• [WORK REQUIRED] Print only the lines from the one with "Watkins - Onion Powder - 2.8 Oz" through the end of the data, exactly, and please omit pictures.

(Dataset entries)

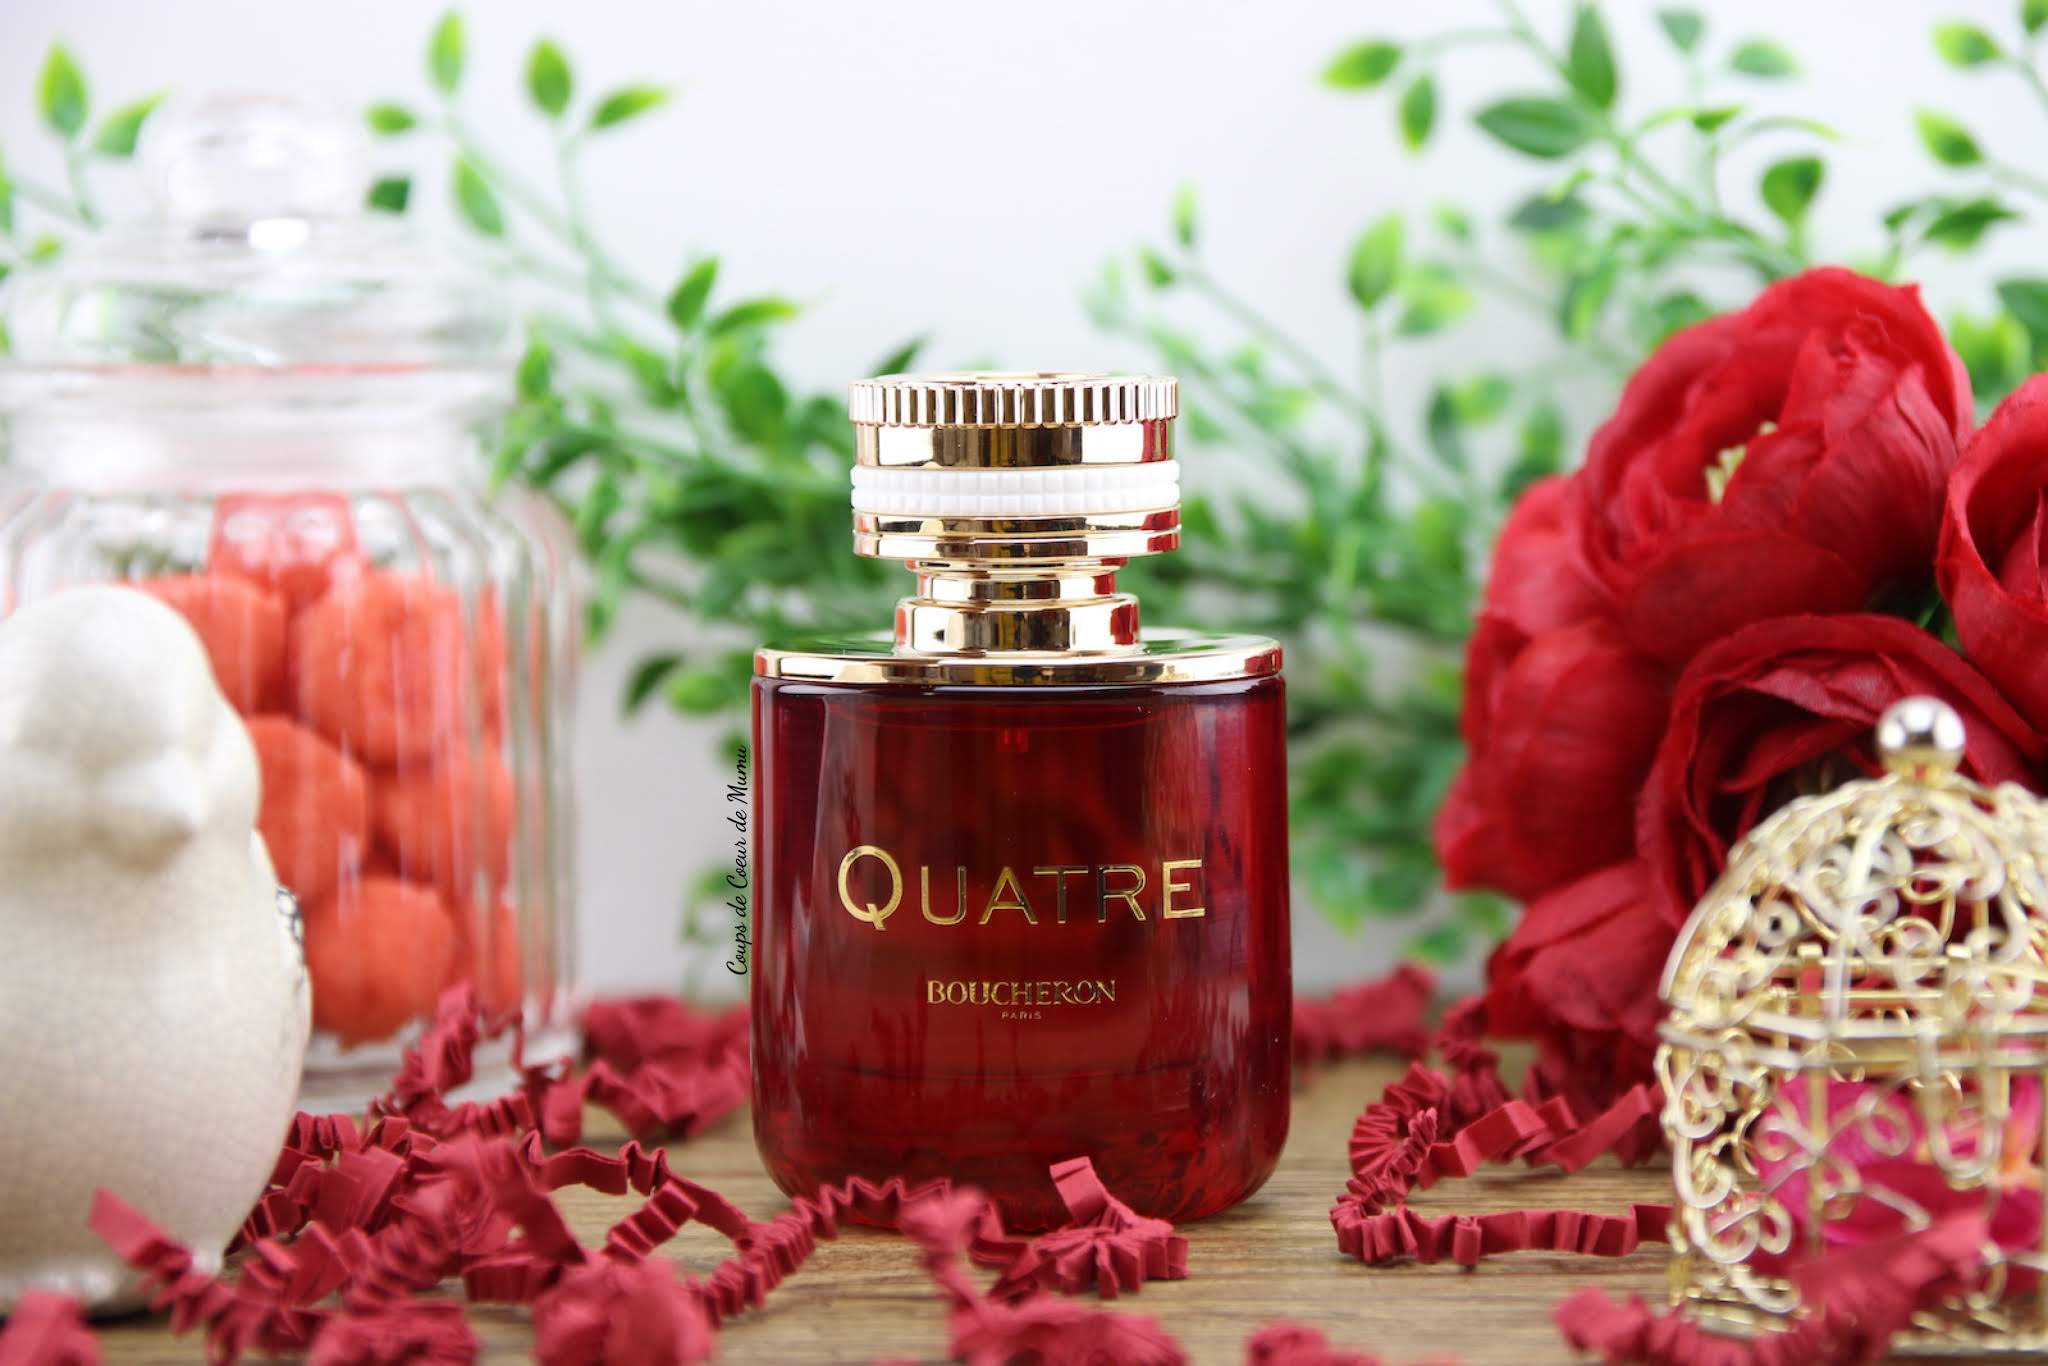 Mon avis sur le nouveau Parfum Quatre en Rouge de Boucheron disponible sur le site Notino.
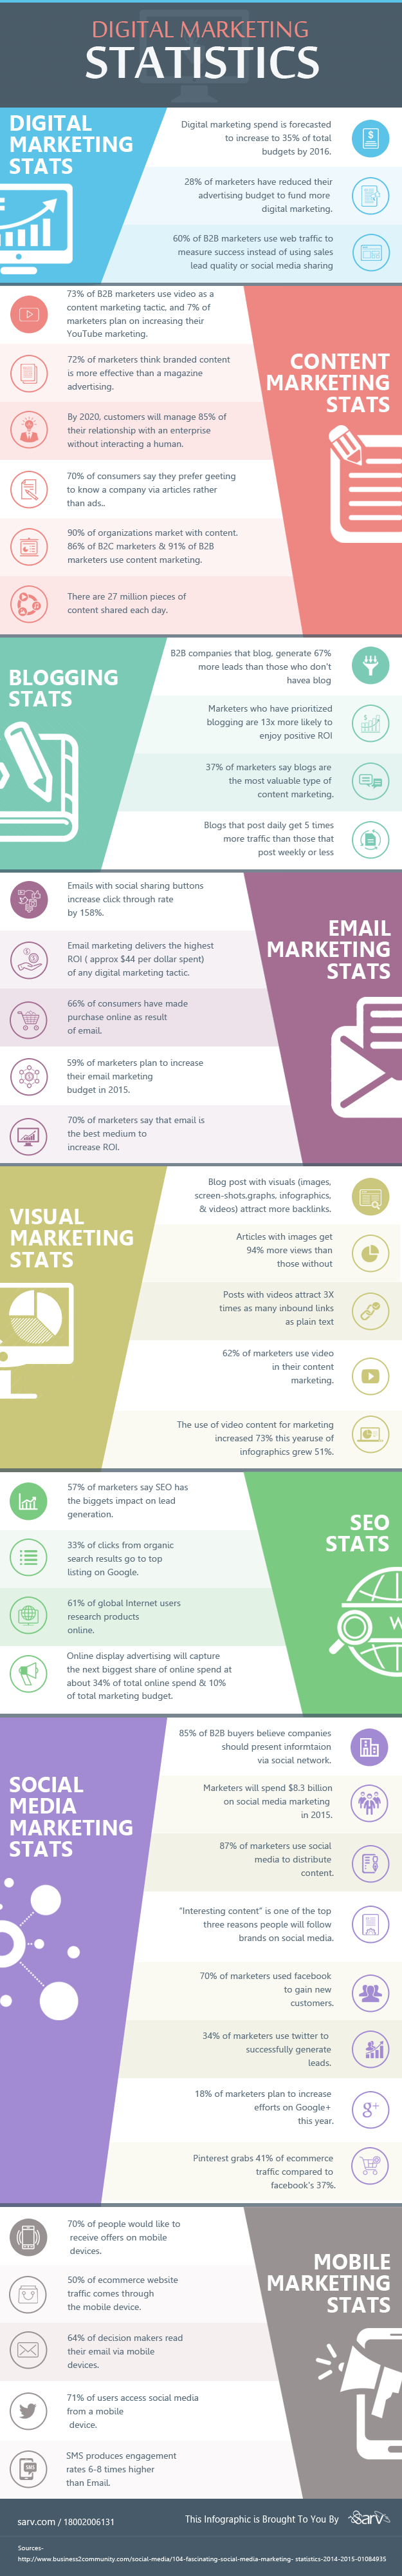 Digital-Marketing-Statistics
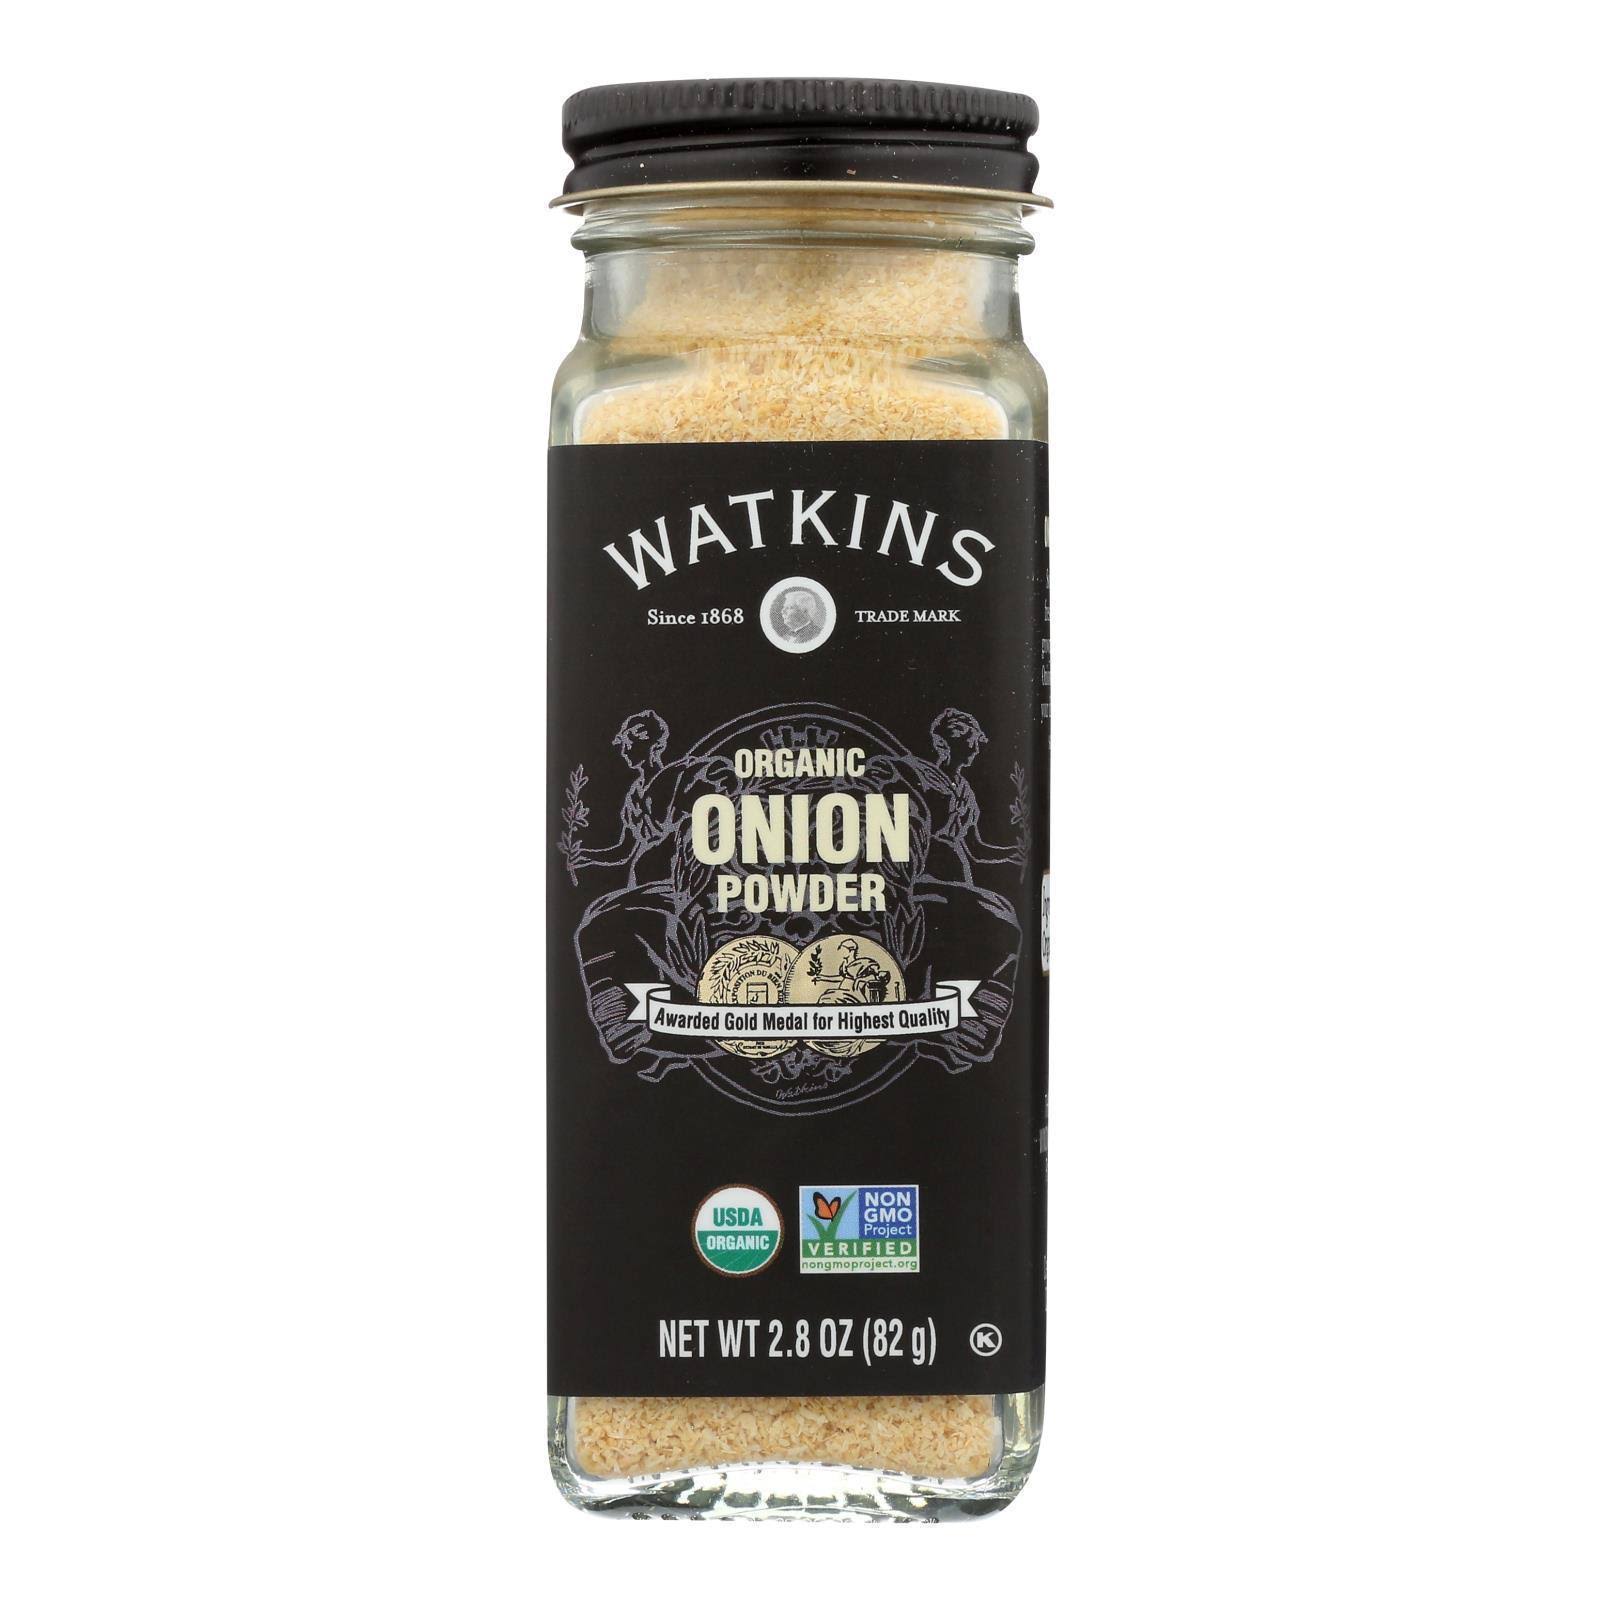 Watkins - Onion Powder - 2.8 Oz
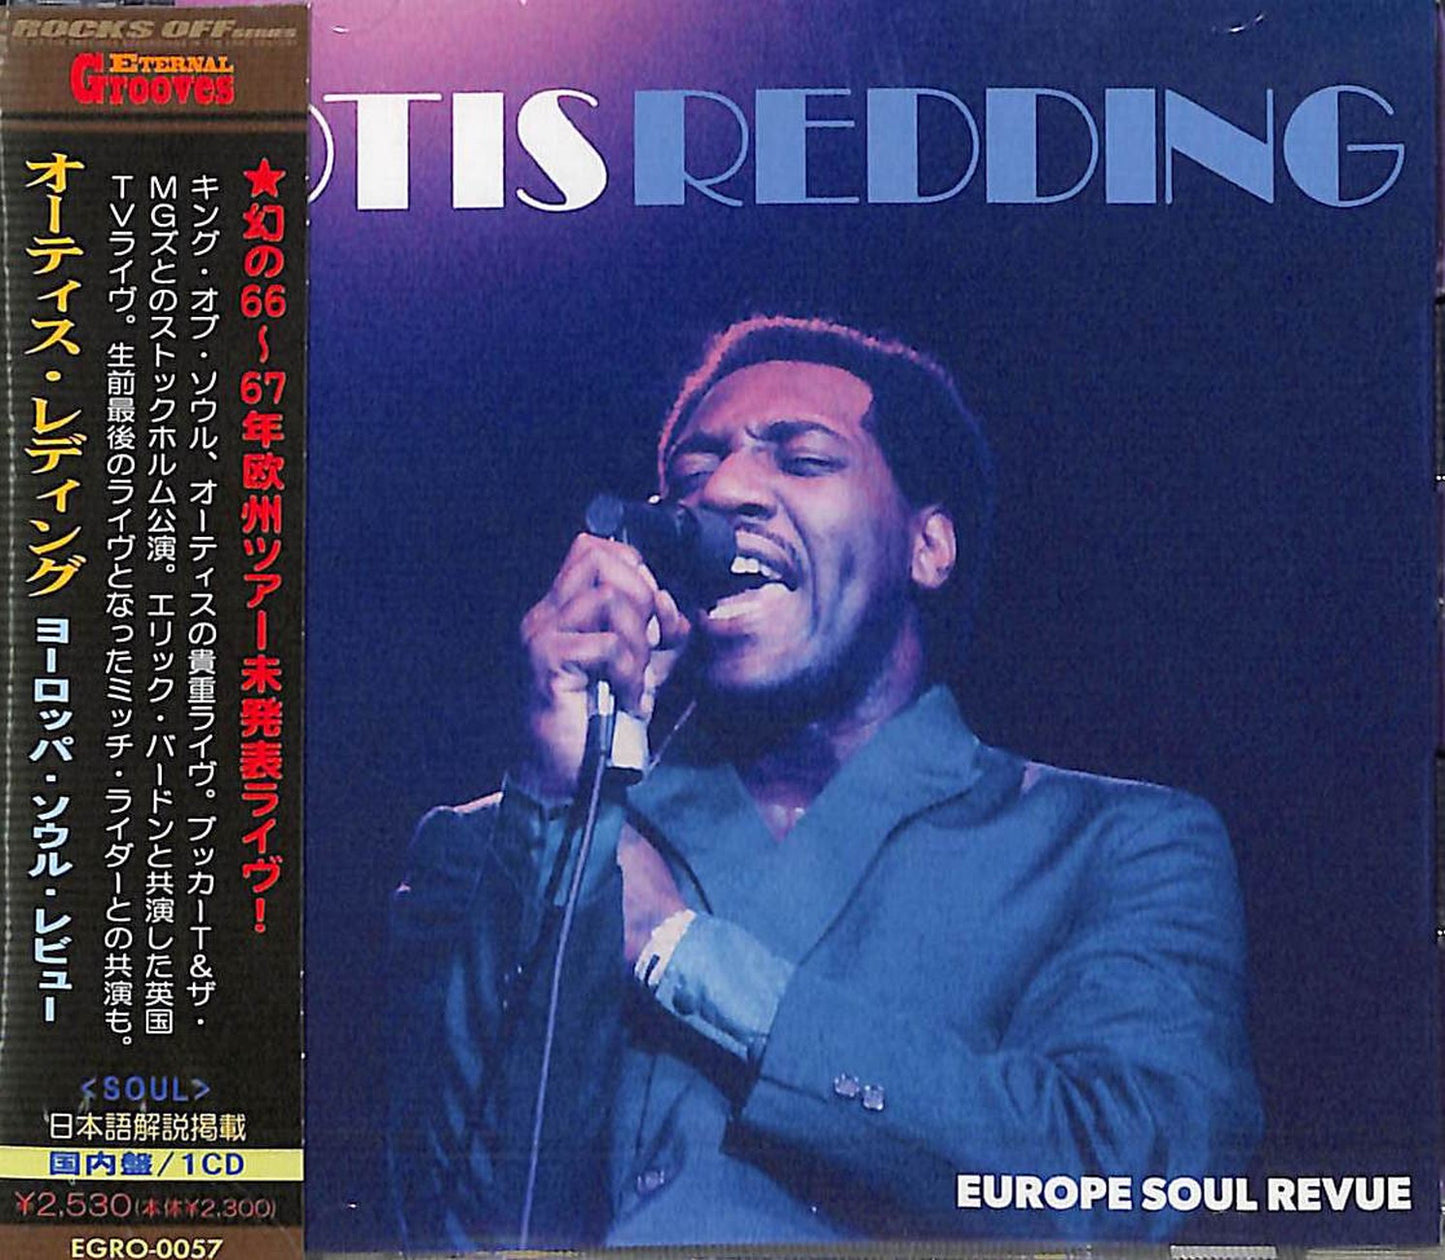 Otis Redding - Europe Soul Revue - Japan CD
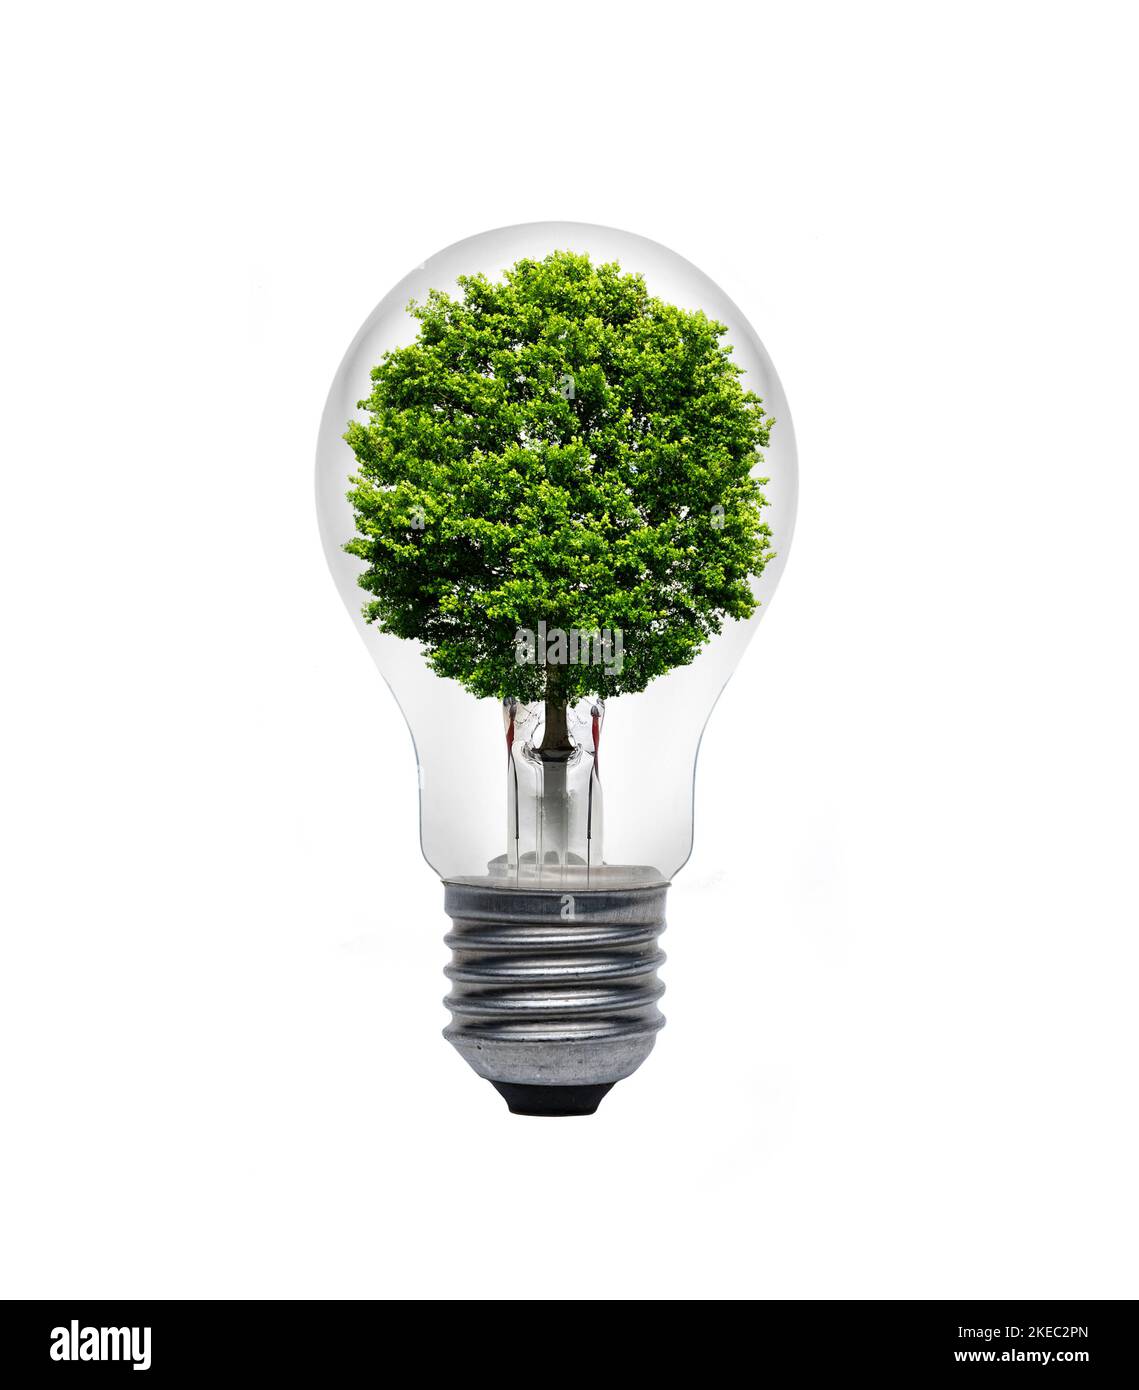 Ampoule avec un arbre vert Banque D'Images

• [ANSWER SECTION]
 Watkins - Onion Powder - 2.8 Oz
 Otis Redding - Europe Soul Revue - Japan CD
 Ampoule avec un arbre vert Banque D'Images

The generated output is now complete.